La reacción en redes fue instantánea. El posteo de Lijalad superó los miles de interacciones en horas y se convirtió en un condensador del malestar social. Sindicatos, economistas críticos, dirigentes opositores y usuarios comunes replicaron el gráfico como prueba de la devastación cotidiana. La CTA Autónoma reclama un salario mínimo de $736.000, mientras la CGT y la CTA de los Trabajadores plantean un piso de $553.000, ambos muy por encima del monto que Milei evalúa decretar. Porque el Consejo del Salario, reunido el 26 de noviembre de 2025, volvió a fracasar en alcanzar un acuerdo. Y todo indica que el Gobierno impondrá unilateralmente un aumento que apenas llevará el SMVM a los $349.000 a partir de abril de 2026, muy lejos de cubrir siquiera la mitad de la canasta básica.

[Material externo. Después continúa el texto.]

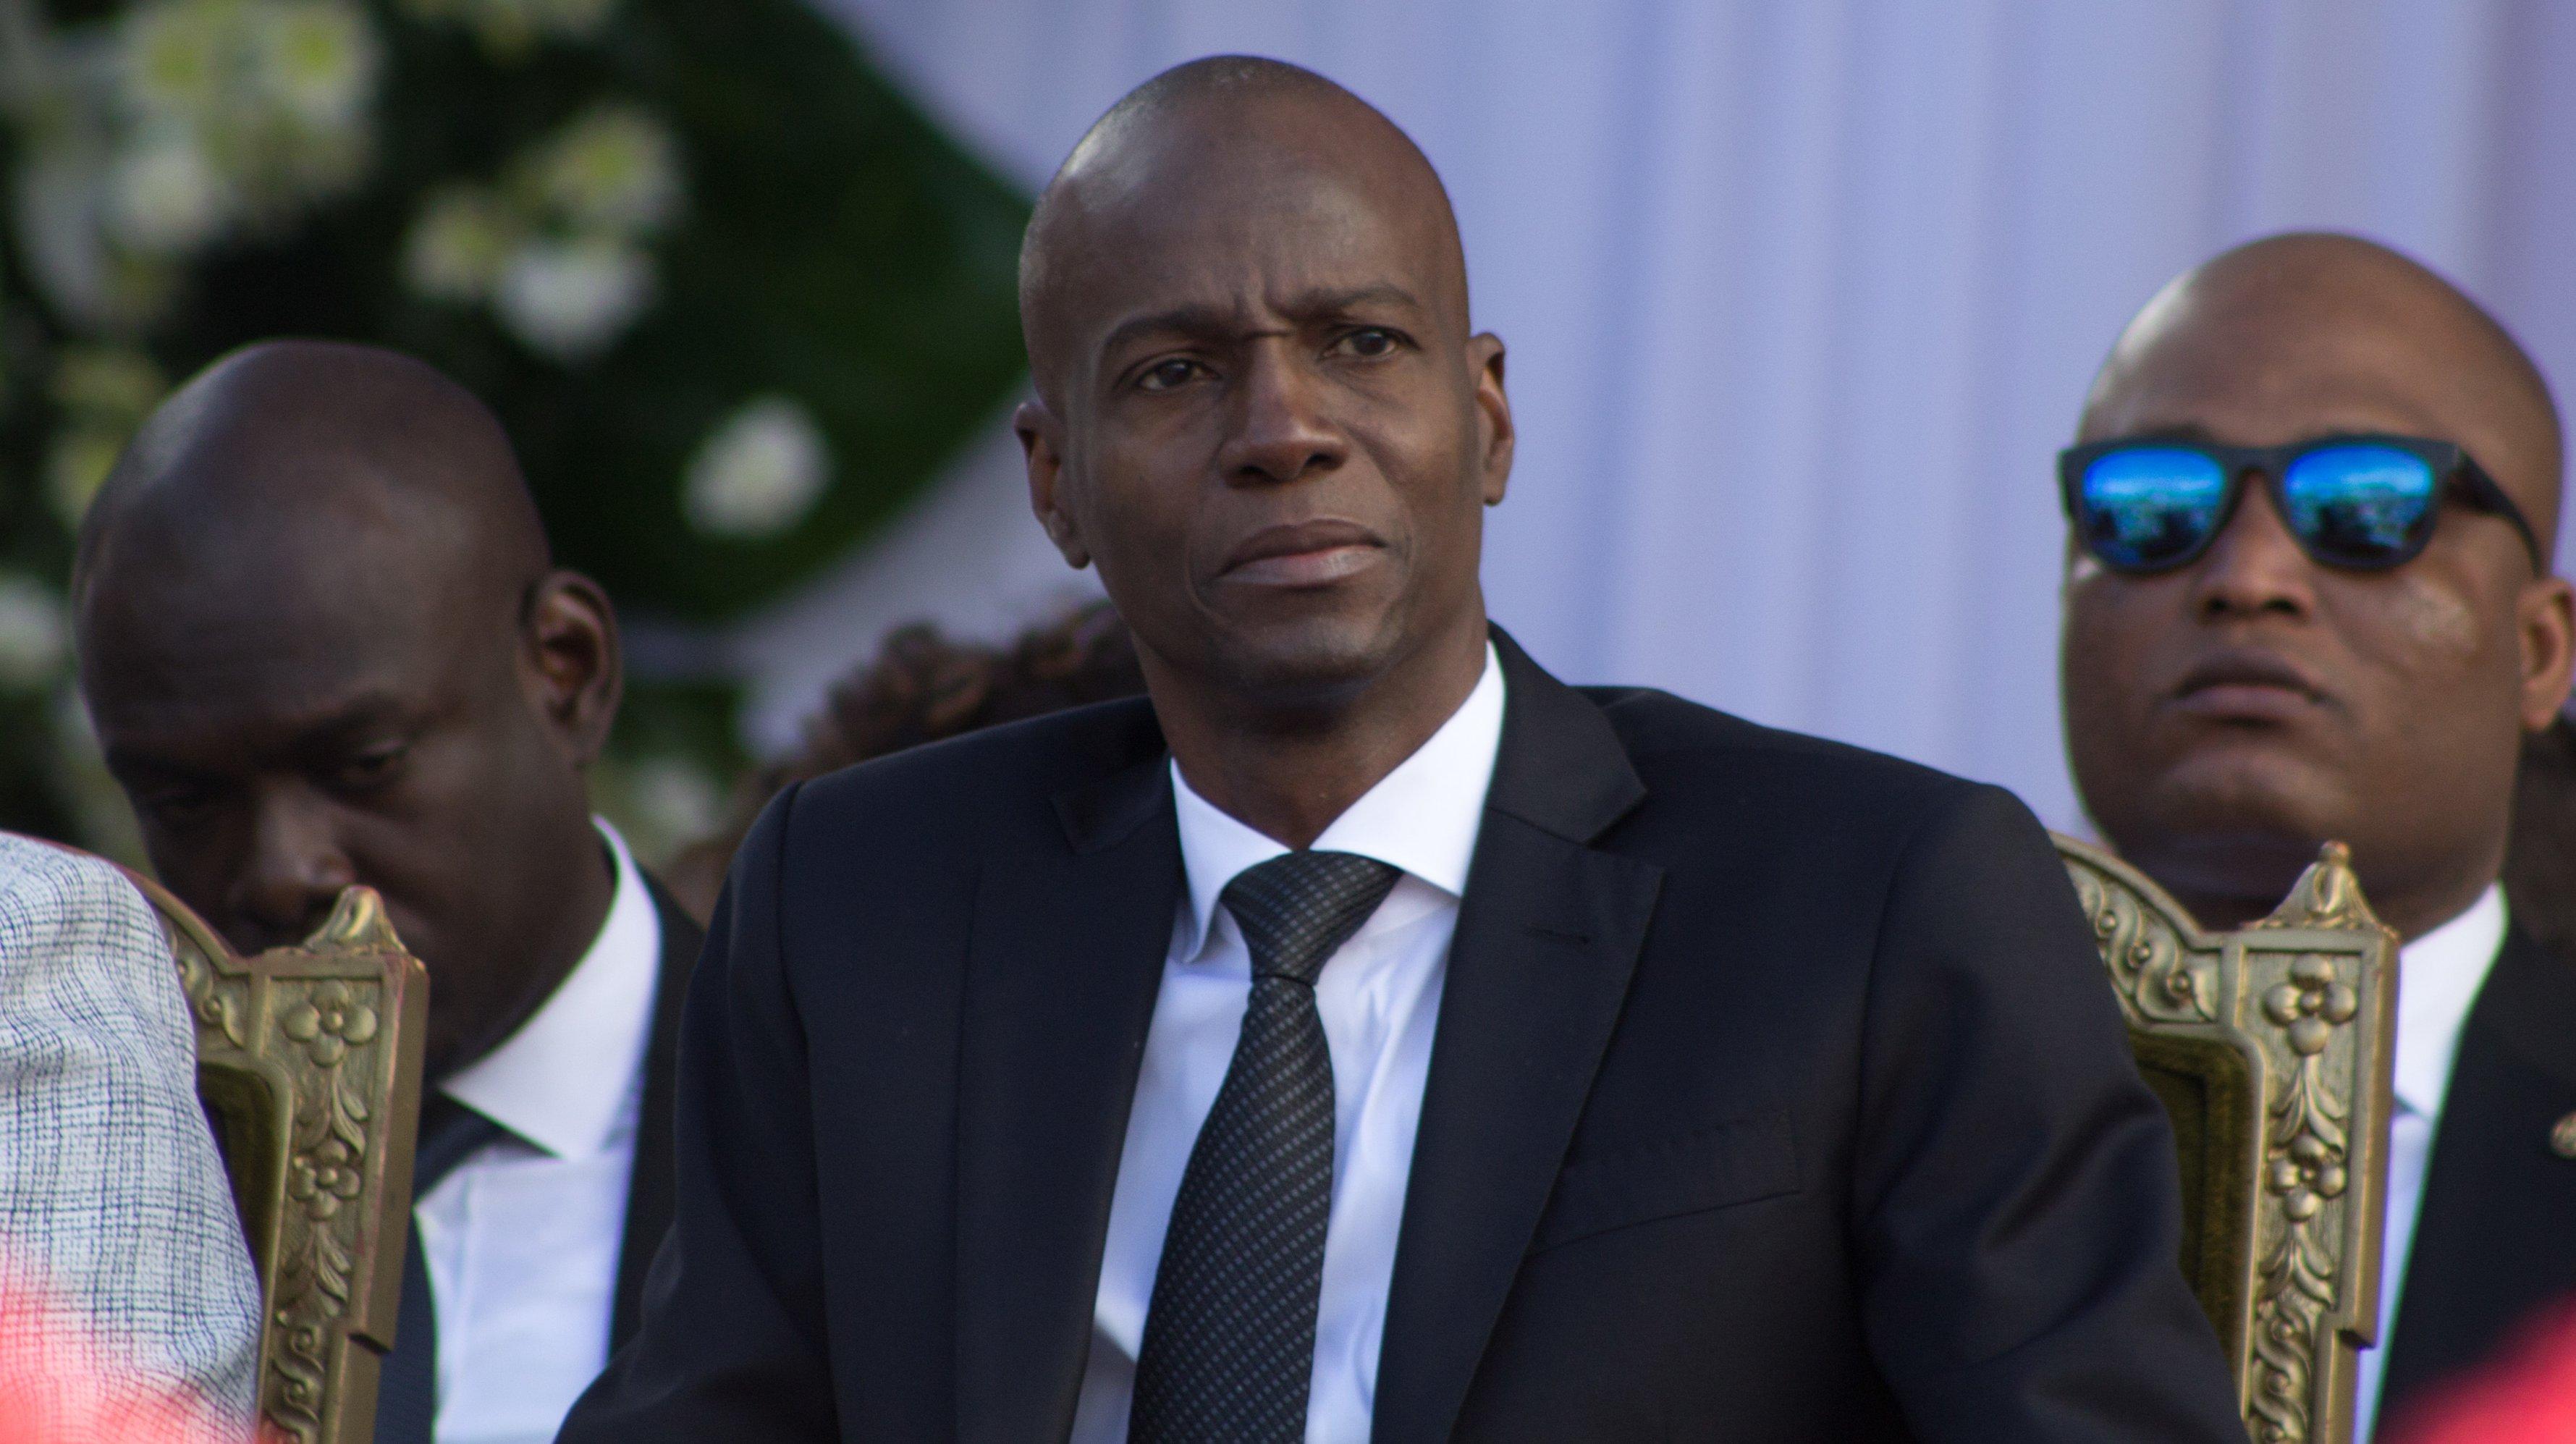 Funeral of former President of Haiti Rene Preval

El debate ya no es técnico. No se trata de índices, coeficientes o controversias entre economistas. Se trata de decidir si el salario mínimo debe seguir funcionando como un instrumento para empobrecer, disciplinar y fragmentar al mundo del trabajo, o si debe reconstruirse como un pilar mínimo de dignidad. Hoy, en la Argentina gobernada por Javier Milei, el salario mínimo es la radiografía perfecta de un modelo que eligió estabilizar números a costa de destruir vidas.
El gráfico de CIFRA —reproducido por Lijalad— no es una imagen más. Es una sentencia. Y retrata con una claridad brutal el rumbo de un país donde la estabilidad macroeconómica se celebra mientras los trabajadores viven el peor salario mínimo en tres décadas. El experimento sigue en marcha. La caída también.